While this anecdote seems to prop up the idea of “institutional racism,” Bowles did not seem to acknowledge that rioters motivated by fighting “institutional racism” perpetrated serious damage to black and minority communities. The destruction disproportionately hit black communities in Kenosha, Wisc., Minneapolis, and Chicago. The riots destroyed black lives, black livelihoods, and black monuments. At least 26 Americans have died in the riots, most of them black.
The New York Times has itself propped up the destructive ideology fueling the riots. Times staffers pressured the paper’s op-ed editor James Bennet to resign for merely agreeing to publish an op-ed from Sen. Tom Cotton (R-Ark.) acknowledging the importance of peaceful protest but calling for law and order against the destructive. In September, the Times published a report suggesting that any violence in the riots came from police and “right-wing activists.”
Over the past year, the Times has pushed the “1619 Project,” which originally claimed that the true founding of the United States came with the arrival of the first black slaves in 1619, rather than with the Declaration of Independence in 1776. In September, the Times attempted to shove this fact down the memory hole, deleting the key text from its interactive website and sending the project’s founder, Nikole Hannah-Jones, on television to claim she never said 1619 was America’s true founding.
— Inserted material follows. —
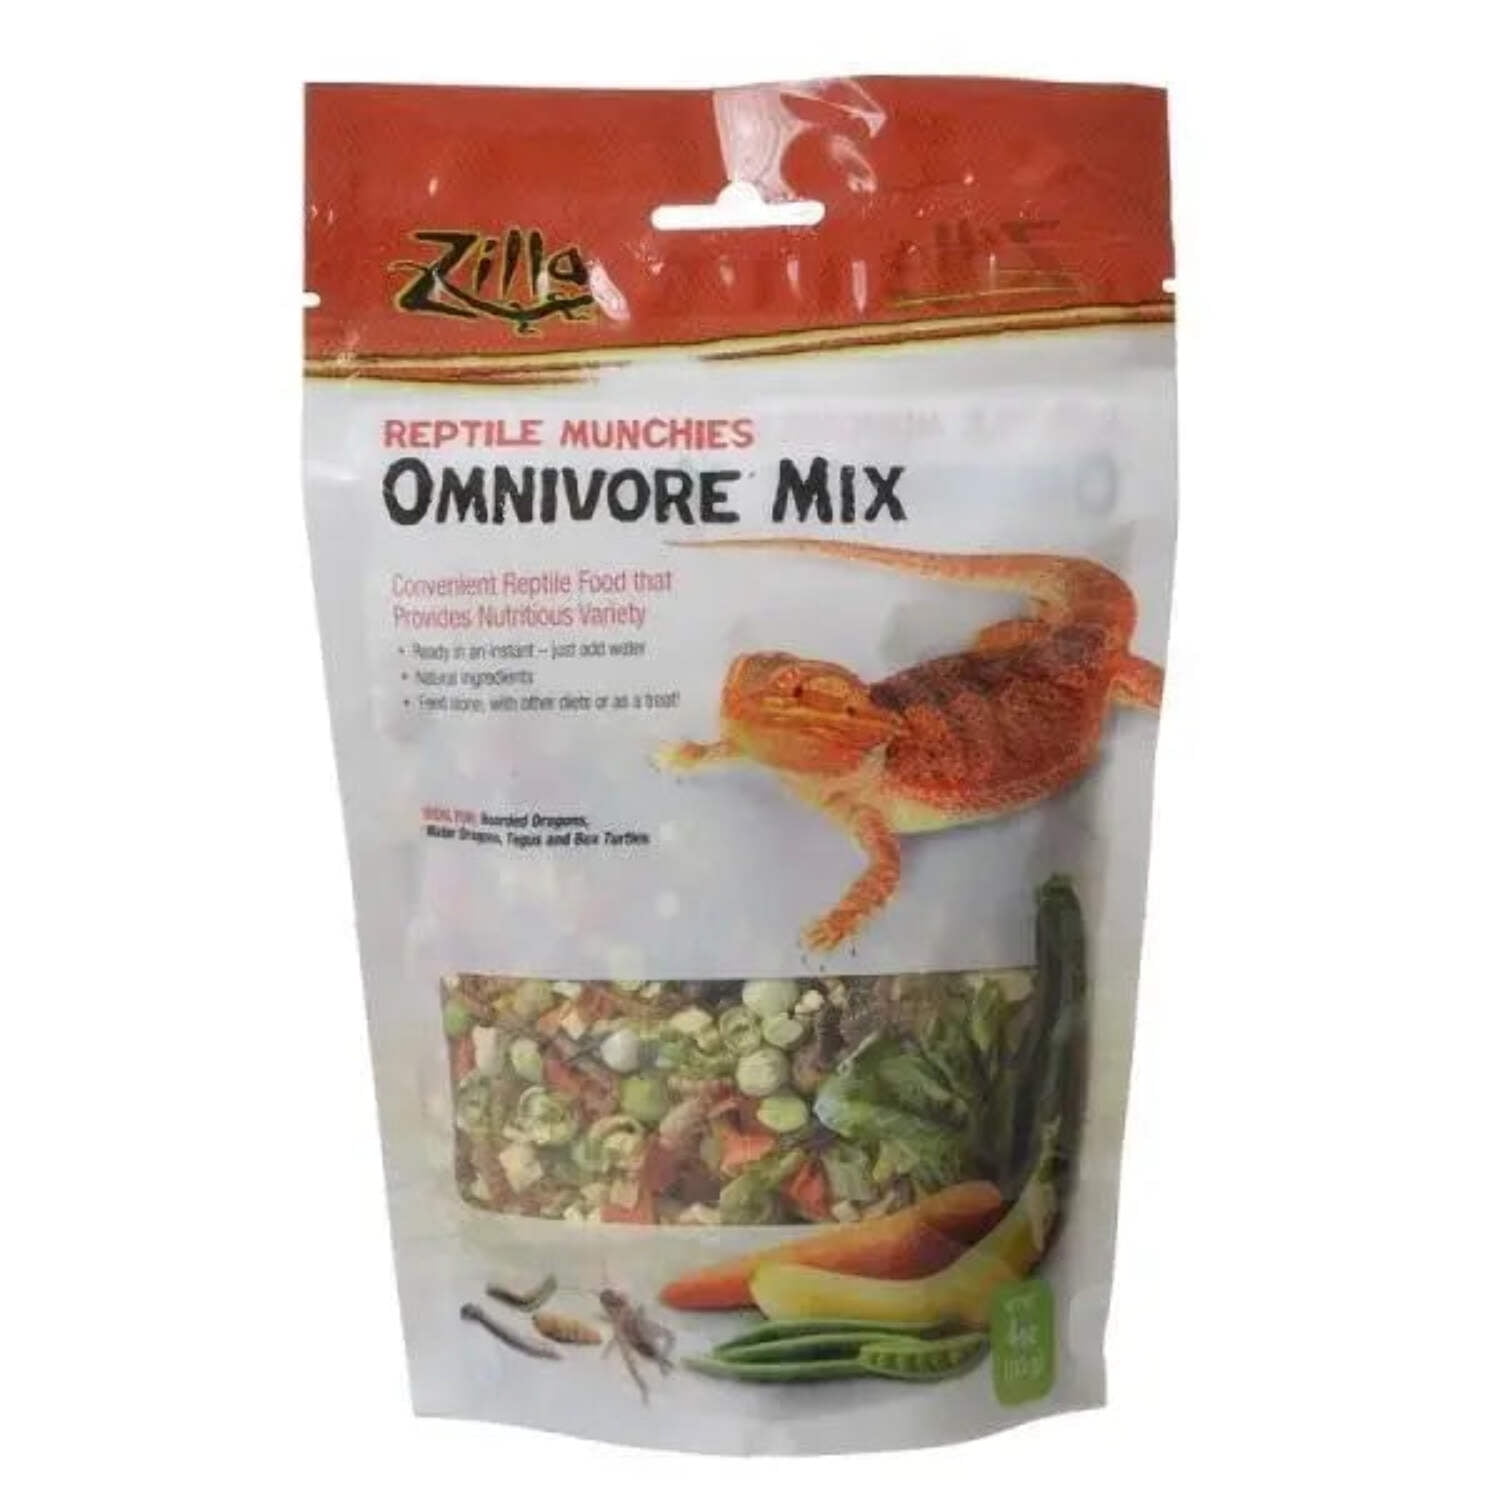 Zilla Reptile Munchies Omnivore Nutritional Mix Lizard Food 3-Pack

Perhaps the paper wished to deep-six this claim because it inspires riots. Portland activist Lilith Sinclair provided a chilling example of how claims of “institutional racism” and the Marxist critical race theory behind them inspire an aimless revolution. “There’s still a lot of work to undo the harm of colonized thought that has been pushed onto Black and indigenous communities,” she said. As examples of “colonized thought,” she mentioned Christianity and the “gender binary.” She said she organizes for “the abolition of … the “United States as we know it.”
When vandals toppled a statue of George Washington in Portland, they spray-painted “1619” on the statue. When Claremont’s Charles Kesler wrote in The New York Post, “Call them the 1619 riots,” 1619 Project Founder Nikole Hannah-Jones responded (in a since-deleted tweet) that “it would be an honor” to claim responsibility for the destructive riots. Rep. Ilhan Omar (D-Minn.) called for the “dismantling” of America’s “economy and political system,” in order to root out supposed racist oppression.
The Times was right to finally write about the destruction of the riots, but it seems too little, too late.
Why did America’s newspaper of record wait until after the election to publish this story? Perhaps the editors of The New York Times feared that reporting these truths would help President Donald Trump’s reelection. After all, Trump has loudly called for law and order. He has denounced Marxist critical race theory and the 1619 Project.
A Media Research Center survey suggested that the legacy media and Big Tech may have thrown the election to Democrat Joe Biden by suppressing the bombshell stories from Hunter Biden’s laptop in the lead-up to Election Day. Did the Times also skew the election by refusing to report on this damage until afterward?